We reviewed our electronic records of our medical system (17 acute care hospitals) between January 1st, 2017 and December 31st, for Anaplasma testing. During these three years, testing was ordered for 620 patients and revealed 41 (6.6 %) positive cases of Anaplasmosis. Fig. 2 shows schematic distribution of cases. All cases presented between May and December and had fever of unclear etiology, but only our case presented with stroke-like symptoms. The summer was the most common season with 20 (49 %) of the cases. All cases involved people living in heavily wooded areas. The delay in diagnosis is measured by days passed before testing for anaplasmosis from admission date as anaplasmosis is a community acquired infection. The delay in diagnosis was significantly affected by the month and season of the presentation. The time to testing was the shortest in summertime with a p-value of < 0.003 (CI 1.7–2.4). There was significant correlation between length of stay (LOS) and delay in diagnosis with a p-value of < 0.003 (CI 1.2–2.2).

Fig. 2

Schematic description of patients included.

Discussion

The diagnosis of Anaplasmosis can be accomplished by staining of blood smears from peripheral blood, bone marrow or CSF to detect morulae. Although this method is rapid, it is relatively insensitive due to the small number of circulating cells that can be practically examined during routine microscopy, the rarity of infected cells, lack of expertise among personnel performing smear examination, and the occurrence of intracellular artifacts that may mimic morulae especially in immunocompetent patients and peripheral organs. The use of PCR-based diagnostic tests for the detection of these infections offers several advantages over the traditional serologic and blood smear tests. PCR tests have sensitivity and specificity that approach 100 %, tend to have a higher degree of sensitivity during the acute phase of illness, and have the potential to detect coinfections when configured in multiplexed reactions.
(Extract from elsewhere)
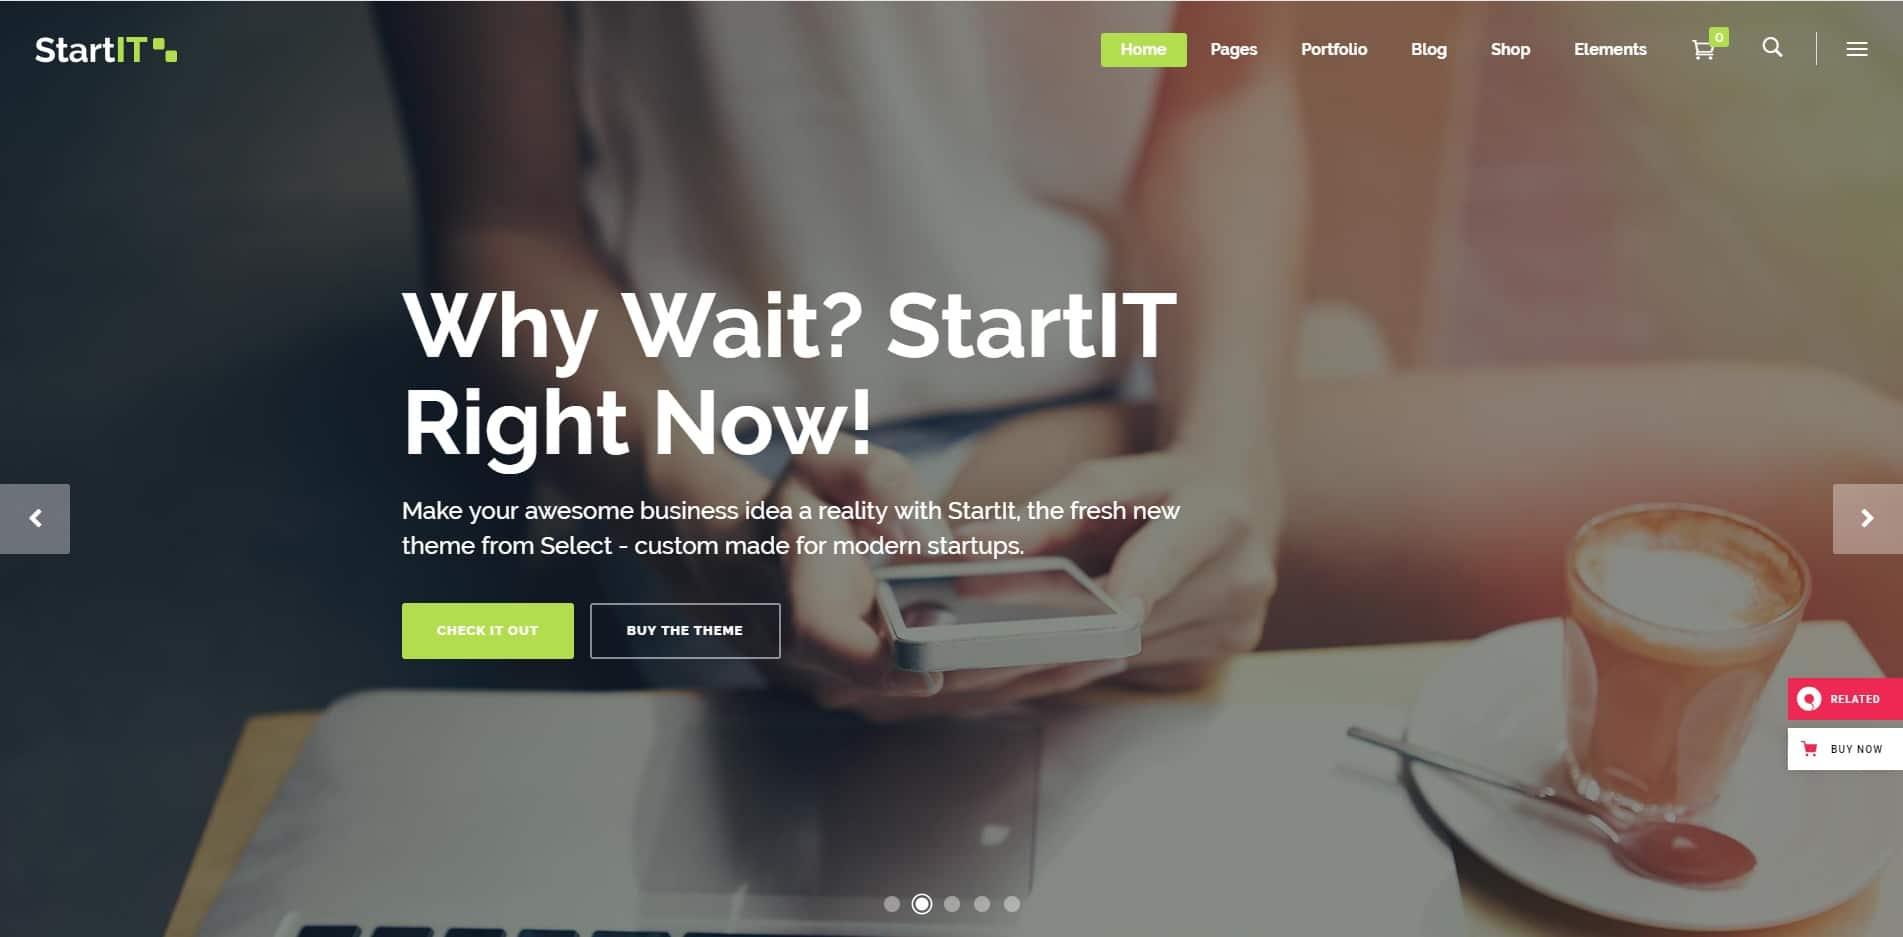 startit technology website template

Although serology is one of major diagnostic criterion for ehrlichiosis, it has several limitations that should be considered: First, IgG IFA test is negative in as many as 80 % of patients during the first week of illness. Second, a high rate of false positive serology usually occurs due to cross reactive antigens shared by Ehrlichia. Third, failure to seroconvert in some cases can be attributed to immune impairment; Finally, early treatment with doxycycline occasionally reduces the antibody response to E. chaffeensis [6,7,10].

The prognosis worsens if treatment is not administered or delayed and therefore, it is important that empiric therapy with doxycycline be started for any patient with compatible clinical and laboratory findings. Initial diagnosis of ehrlichiosis can be based on nonspecific biochemical and hematological findings. However, confirmatory tests should be performed at different intervals after the onset of illness.

Author statement

The manuscript was written by the first author Dr. Eldaour. Dr. Hariri performed the blood smear, identified Anaplasma, took the pictures and reviewed manuscript. Dr. Yassin provided the 2- year review of cases, reviewed the manuscript and provided response to the reviewers.

Declaration of Competing Interest

The authors declare that they have no conflict of interest. All authors contribute to the manuscript submission. YE wrote the manuscript, RH performed laboratory diagnostics and obtained pictures and MY obtained patients’ data and reviewed manuscript.